An awkward interval of silence passed, in which they could hear Flora’s quiet ministrations with the tea.

“So, an observatory,” Twilight said. “Do you live here?”

“Of late we have,” Spy said. “I’ve got to go to town tomorrow to pick up a few things.” He smiled, his weary face lighting up and losing its years for a moment. “With the sky what it is…” He waved a hoof in the air, as if to say “I won’t ask you, I’m sure you get it all the time,” and continued. “It’s been rather hectic around town. But this… this place is a dream. My dream.”

“I never thought of that,” Rarity said. “It must be nice to have constant access to the night sky.”

“Weather permitting, of course,” he said, nodding. Flora entered the room with a tray of saucers and teacups on her back, and they each took one, thanking her politely. She repaired to the kitchen, and Spy didn’t stop her.

“She can sit with us,” Twilight said. “I don’t mind.”

“She’ll come,” Spy said.

“Hm. Have you discovered anything with the sky? Anything strange?” She paused, as if contemplating further discourse, but stopped where she had.

“Less than I expected.” He sipped his tea. “Sugar, anypony?”

“Five lumps for me, please!” Pinkie said.

“Ah’ll take one,” Big Mac said.

“But some things,” Twilight pressed. “Some things odd about the sky.”

“I can show you later, if you’d like,” Spy said. “I couldn’t really explain it to you. I’m not much of a… wordsmith, I suppose. Never was.”

Without asking permission from her father, and without him granting it, Flora reentered the room and sat at a distance from them, her eyes fixed on Vinyl.

“Flora, honey, you recognize these ponies, don’t you?” Spy asked.

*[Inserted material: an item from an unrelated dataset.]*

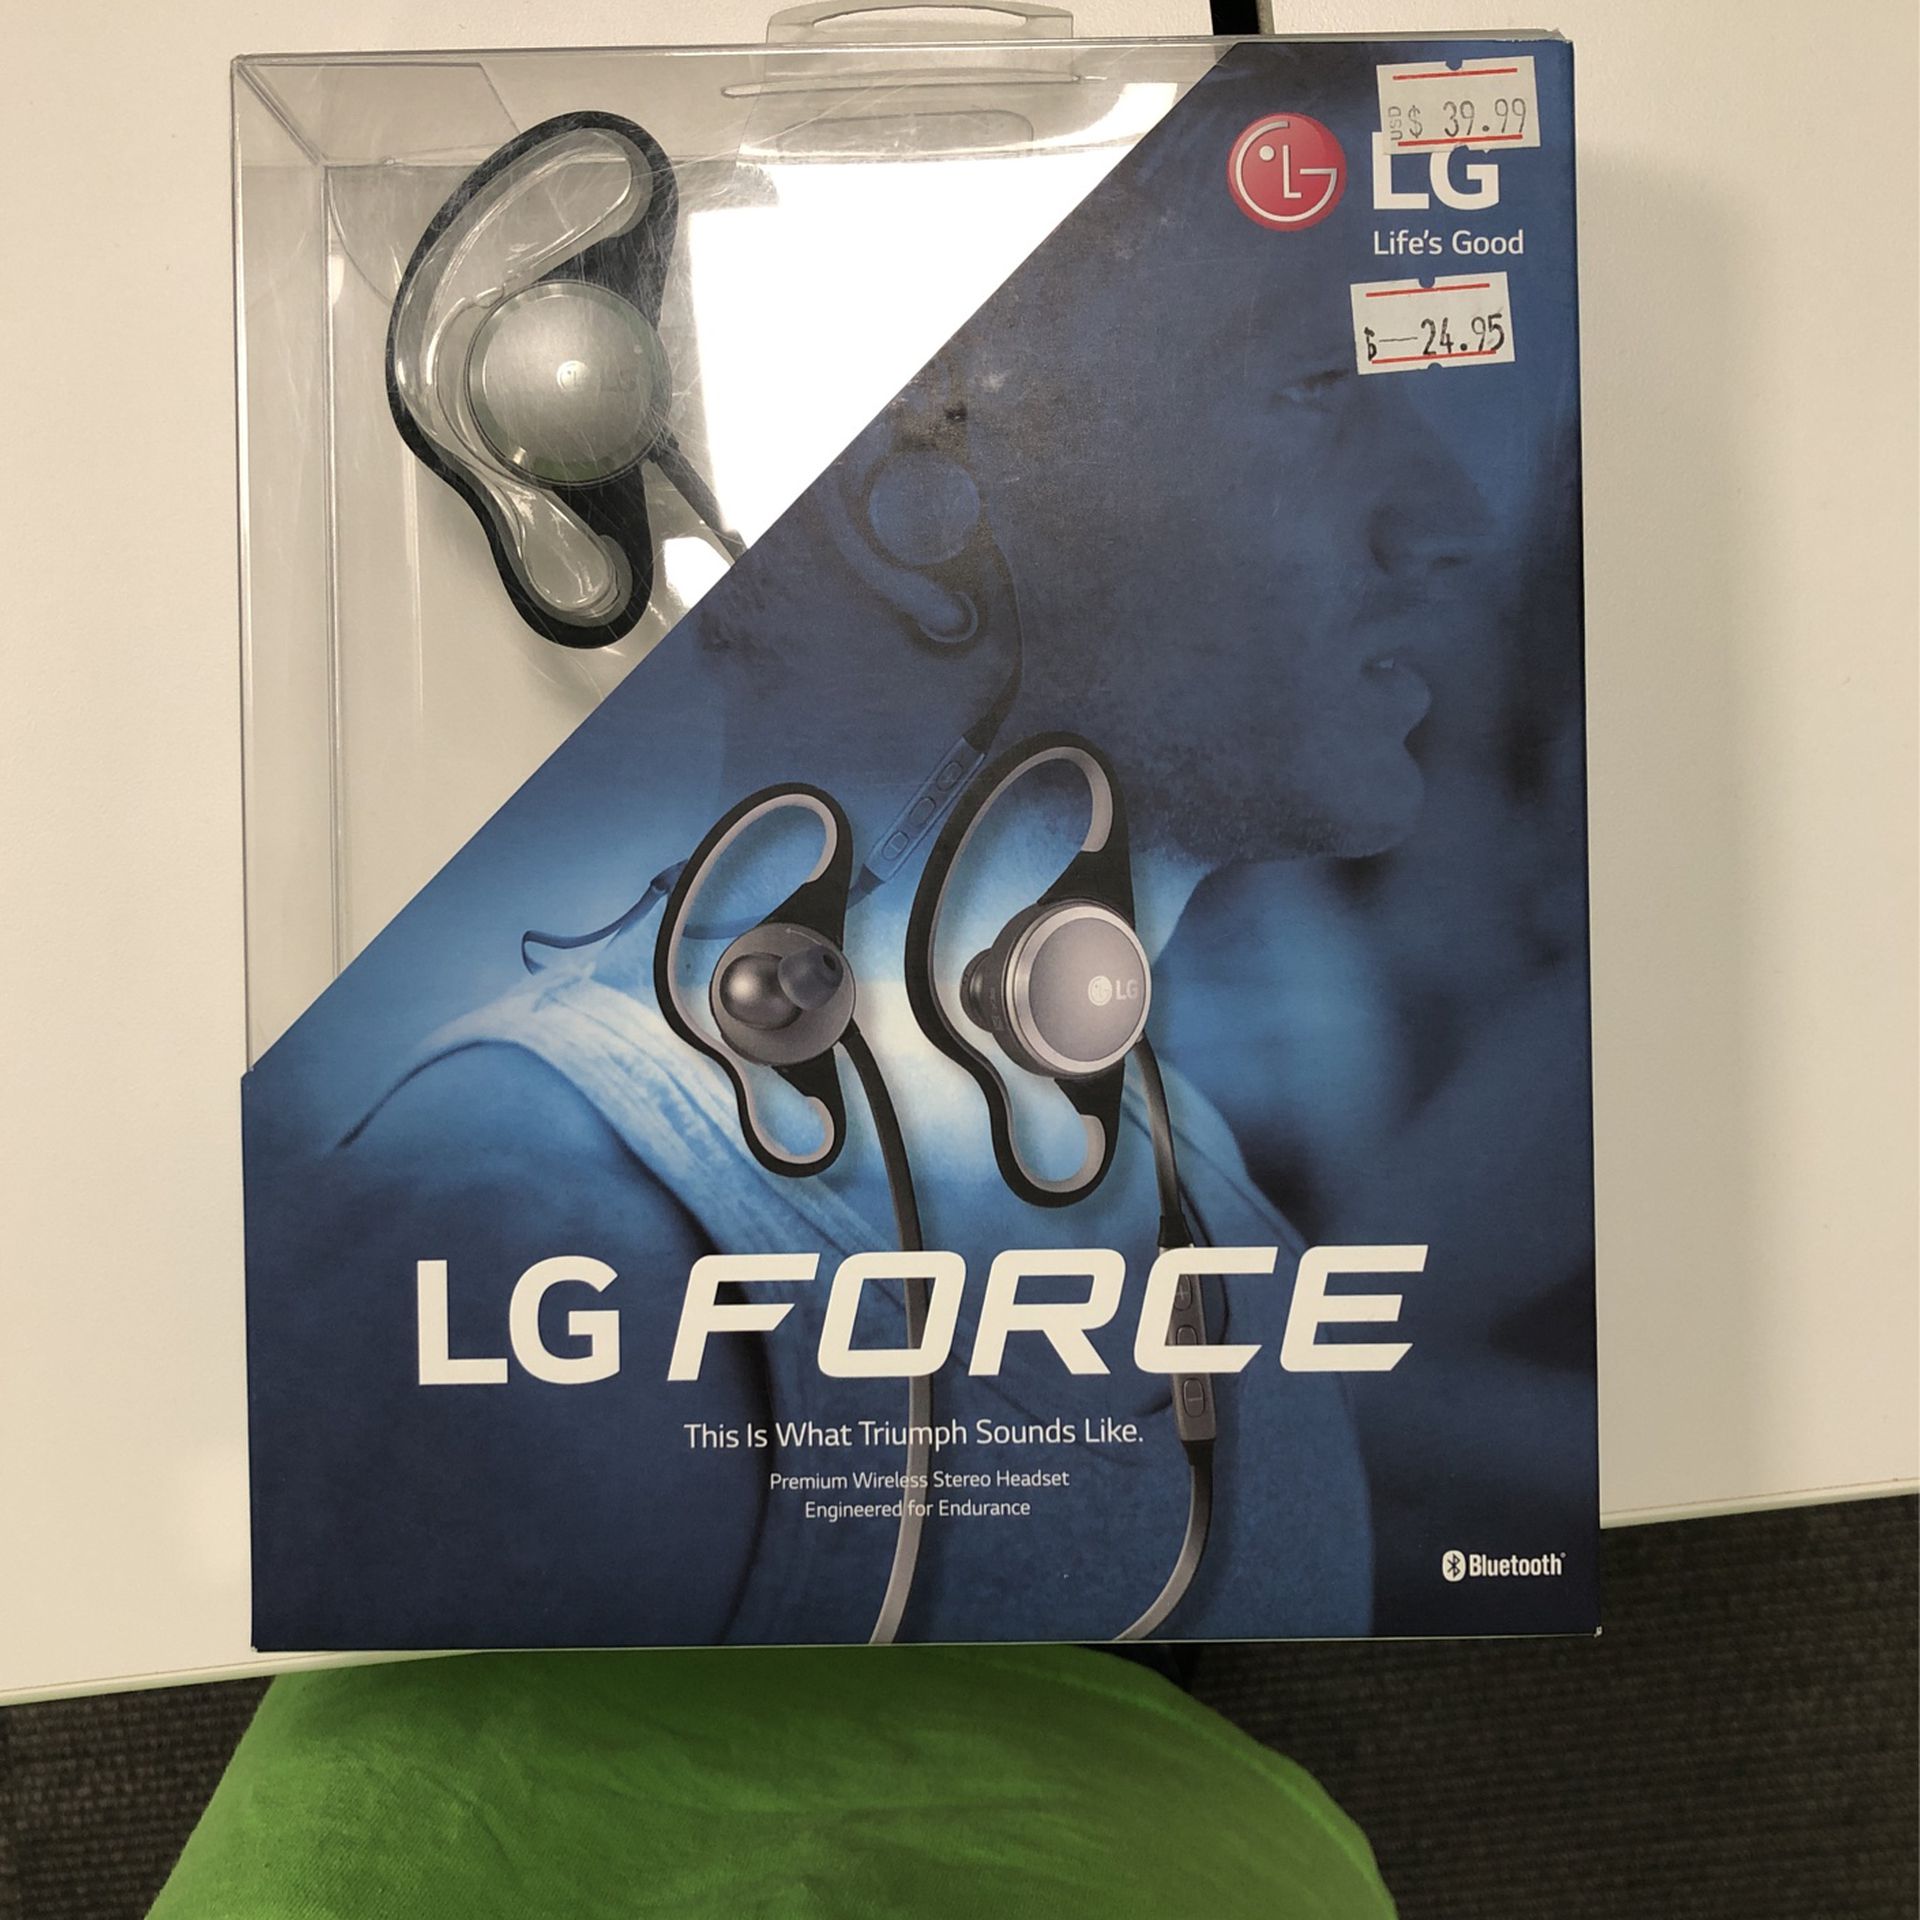 Sale LG Force Wireless Stereo Headset

“Yes, daddy,” she said, and listed their names off, even Vinyl’s and Big Mac’s.

“Smarter than a bee sting, my little Flora.” He sighed contentedly. “Do we have any mint leaves left, honey?”

Flora scampered up and raced to the kitchen, coming back with a reckless grin, and recited the amounts of their various ingredients. She placed emphasis on the mint leaves with a bright smile. Spy sat through the process as if it were common to him.

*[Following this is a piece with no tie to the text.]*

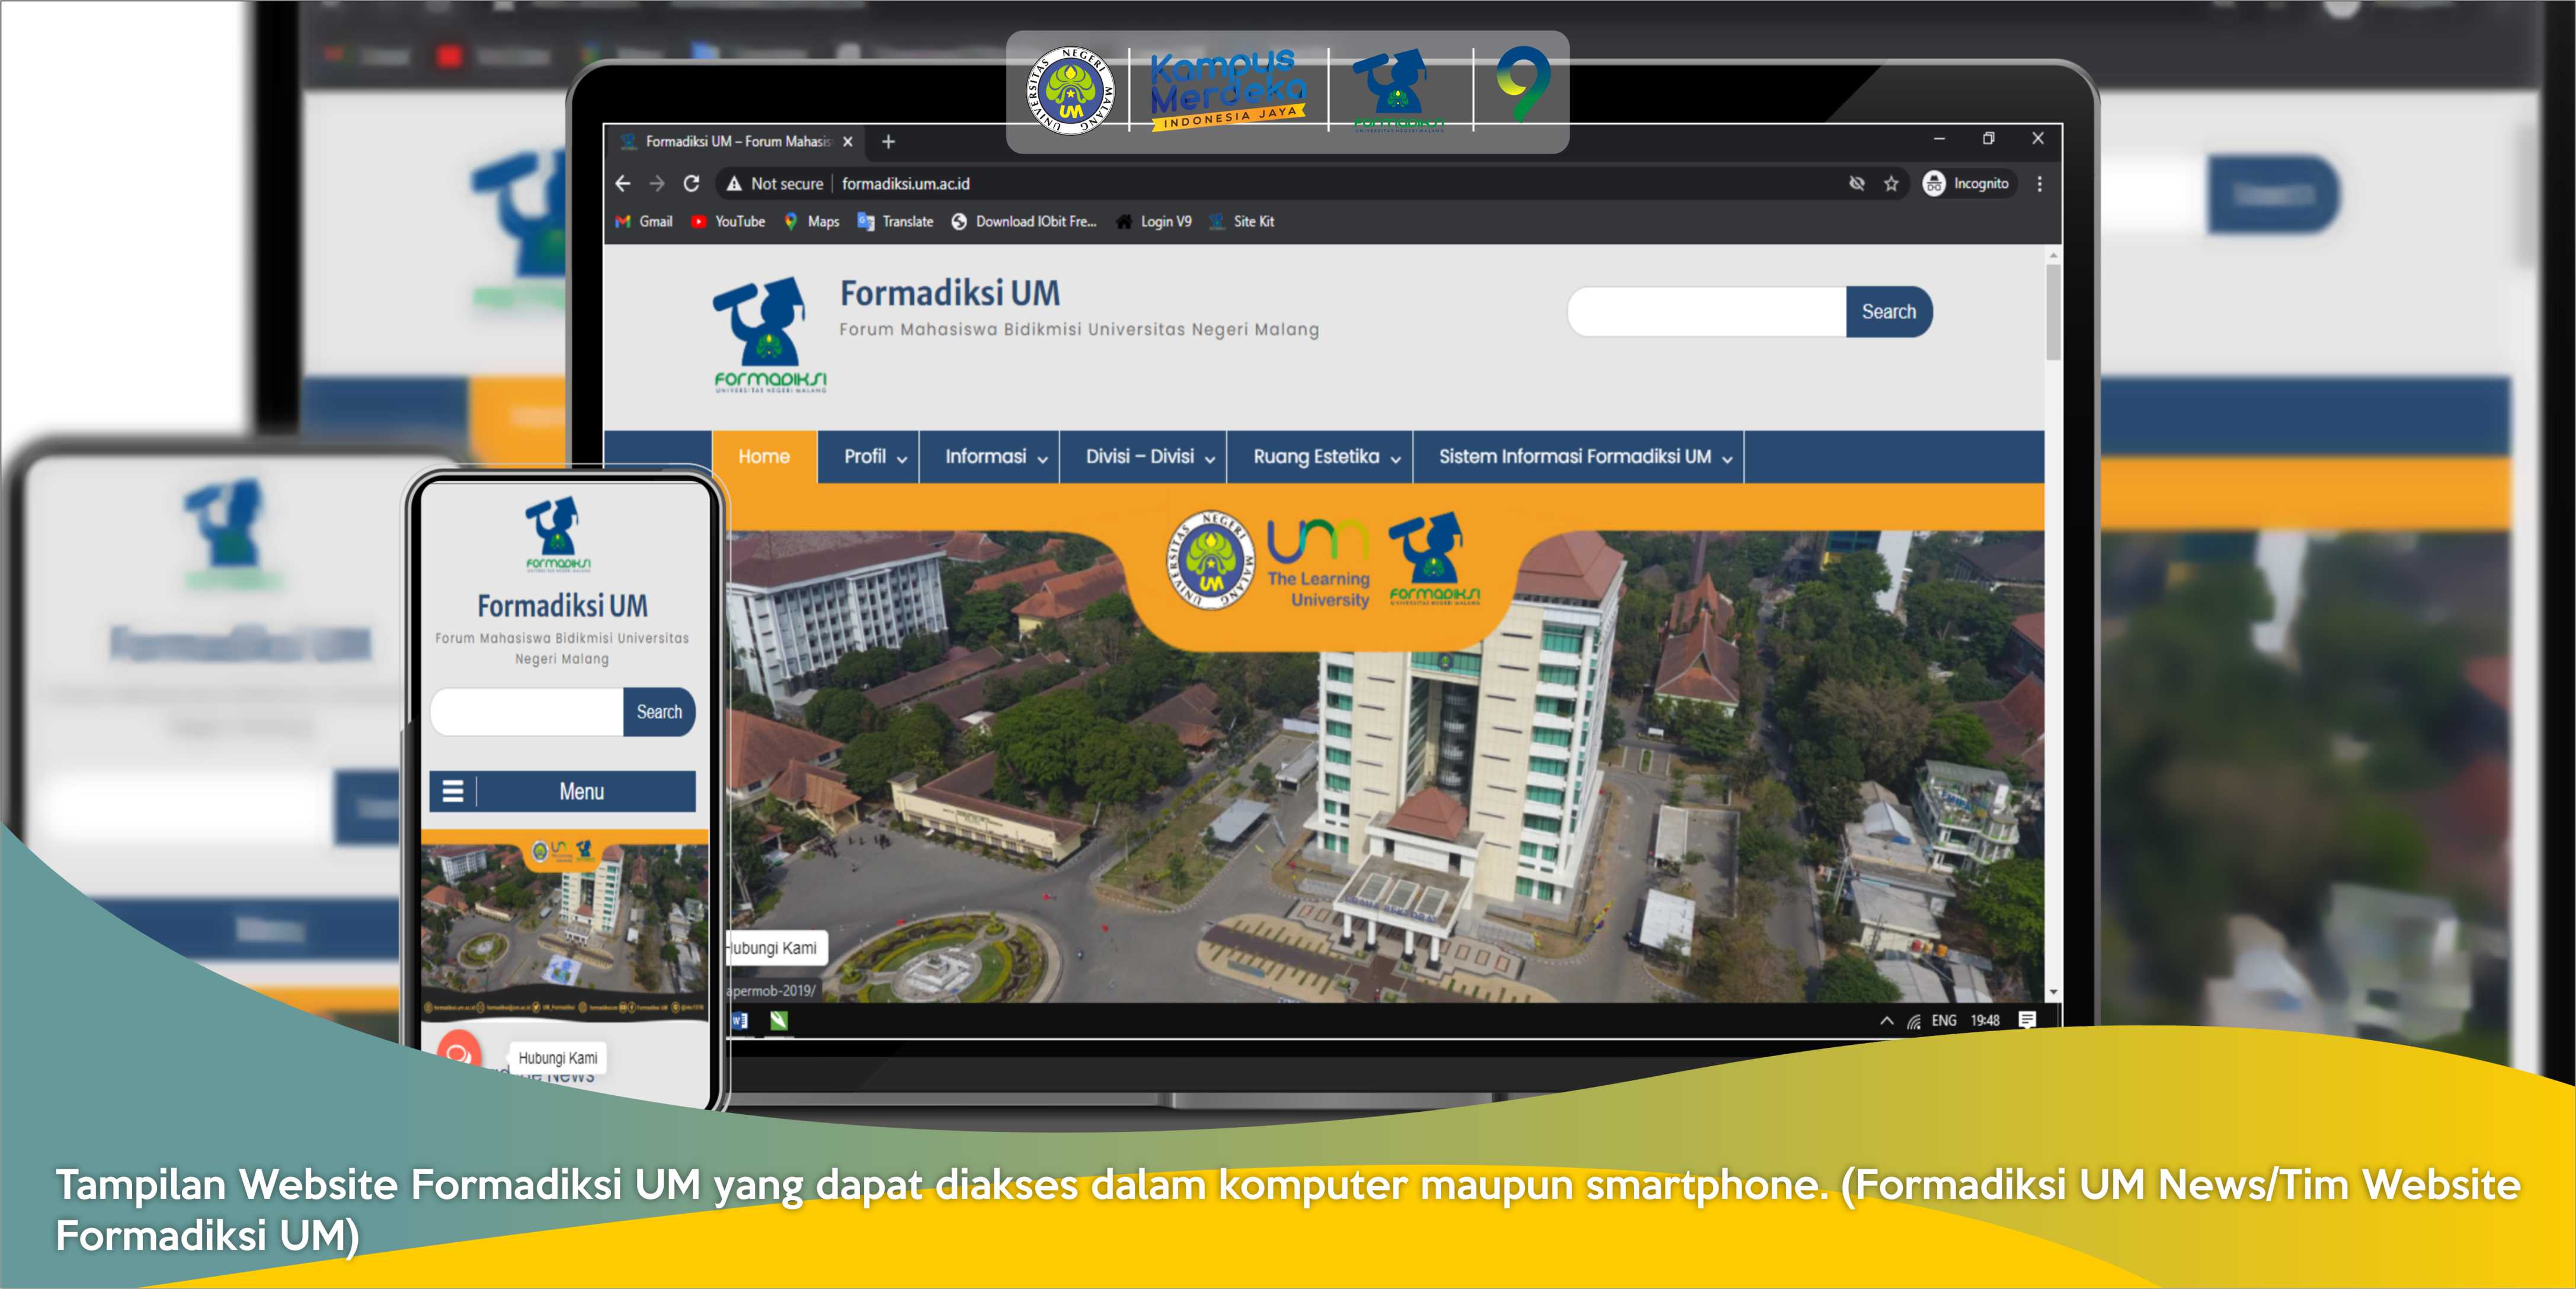 Formadiksi UM on Website: Wadah Pemberi Informasi Penuh Inovasi

“It’s strange,” Twilight said. “And a lovely surprise, too—but strange—to find an observatory all the way out here.”

“Not so strange,” Spy said. “We’re quite far from… well, most anything.” He laughed. “There’s next to no light pollution, and except for the dreaded winter weather, the skies are usually clear. There’s hardly any dust out here.” He gestured loosely with his hoof. “They keep all the dust out there, in the big cities. Where it belongs, if you ask me.”

“Have you been to the big city, Elements of Harmony?” Flora asked, leaning forward on her knees, eyes wide.

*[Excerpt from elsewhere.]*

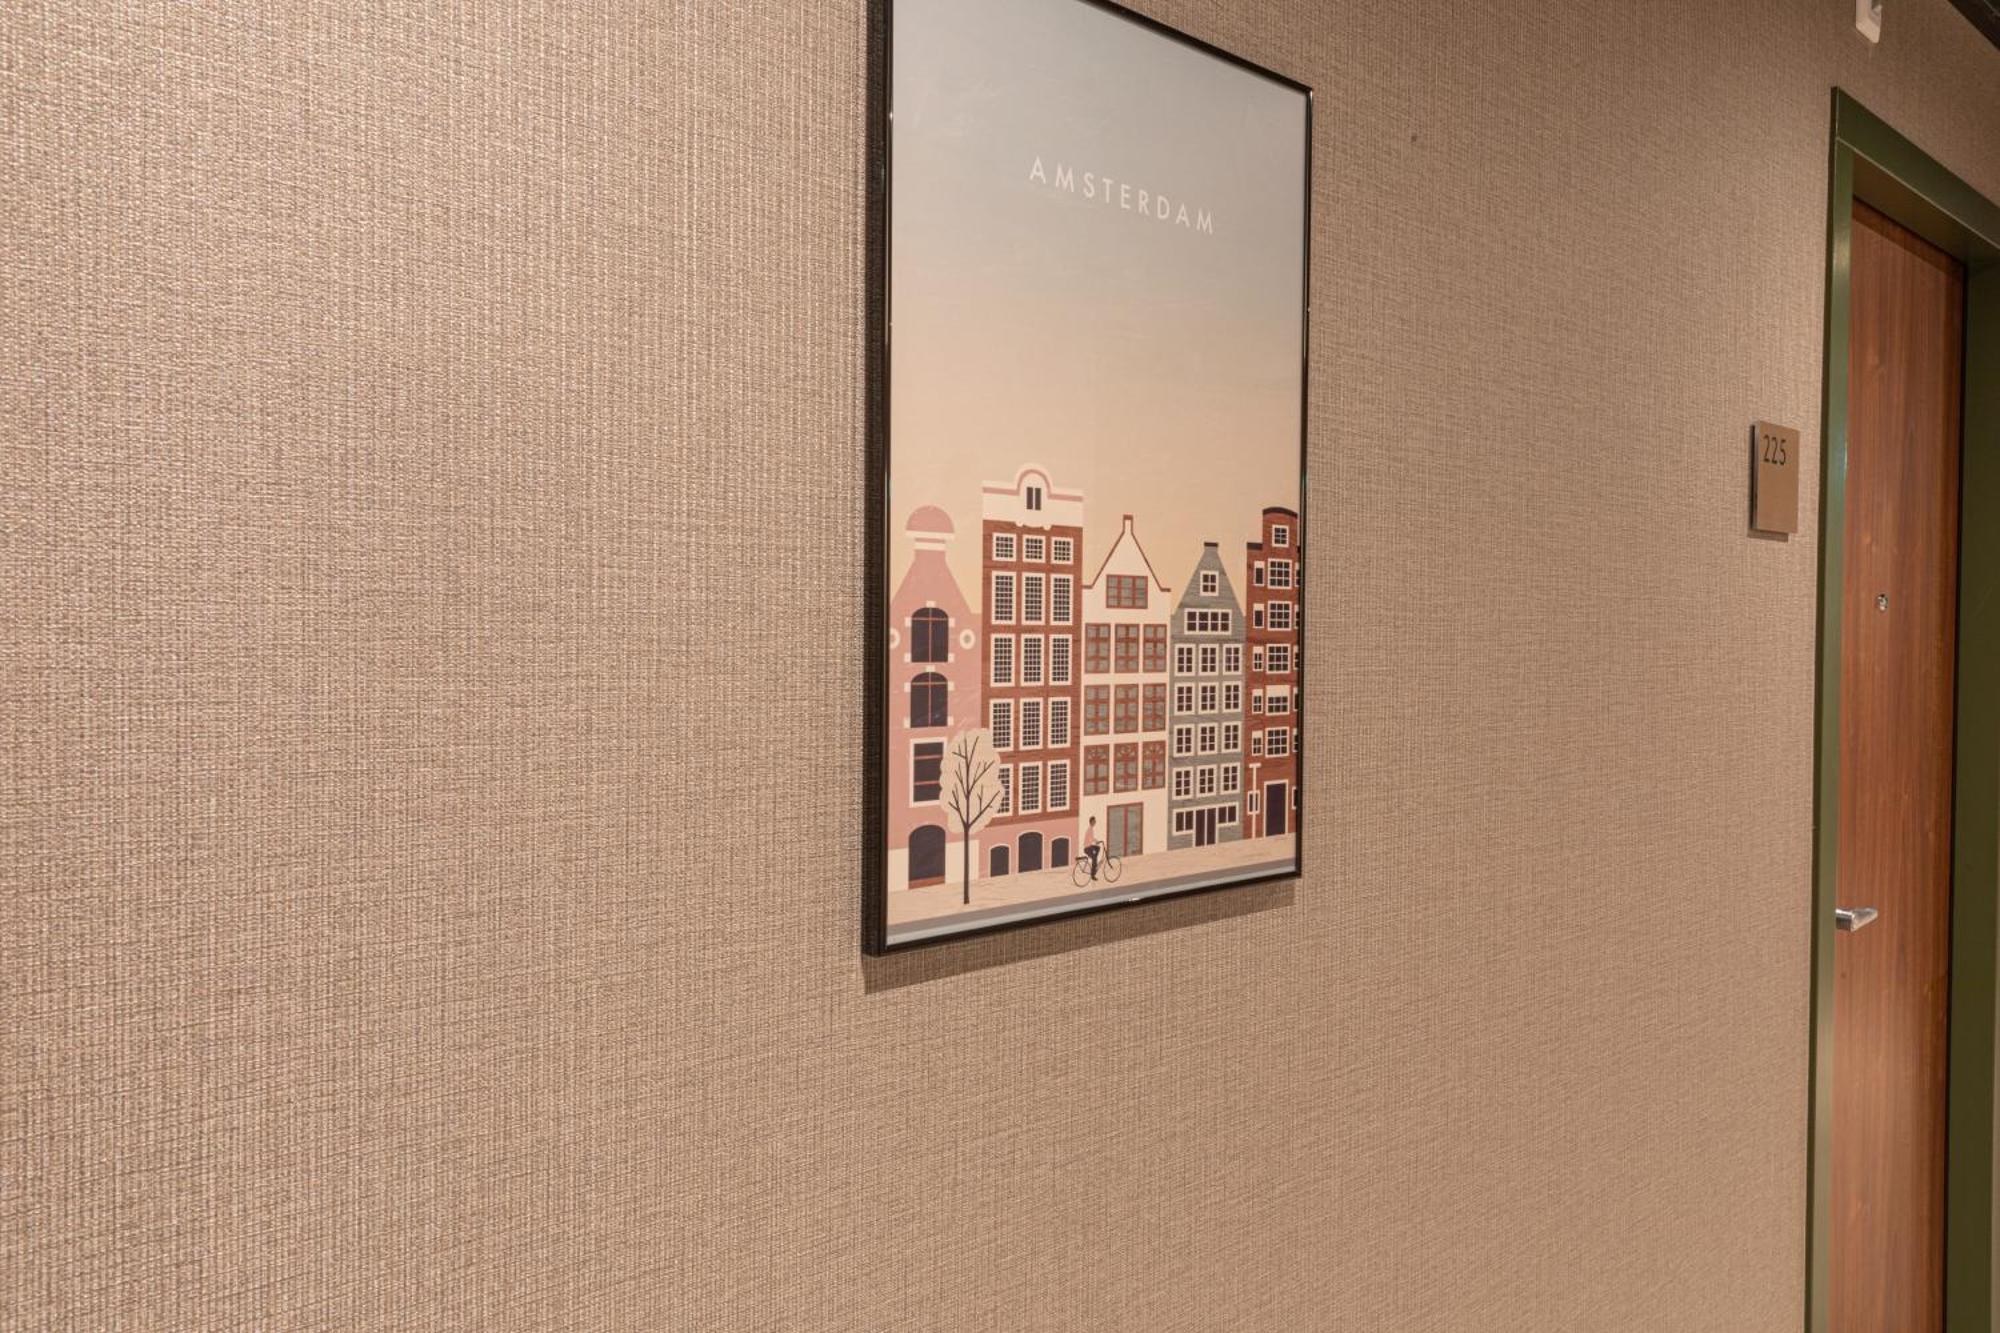 Distrikt Hotels Amsterdam זנדאם מראה חיצוני תמונה

“Why, yes, darling,” Rarity said. “We’ve been all over the country.”

The filly’s mouth morphed to an amazed O, and they could fairly see the jumble of questions just behind her eyes.

“Not long ago, we saw the mines south of here,” Big Mac said.

“Under the mountains?” Spy asked.

“Eeyup.”

“I didn’t know there were mines under the mountains, daddy,” Flora said.

“I’d plum forgotten,” Spy sad. “Don’t hear much about that part of the country.”

“What were the mines like?”

“Dark,” Pinkie said. “Darker than the inside of a flour sack!” She giggled, and Flora did too.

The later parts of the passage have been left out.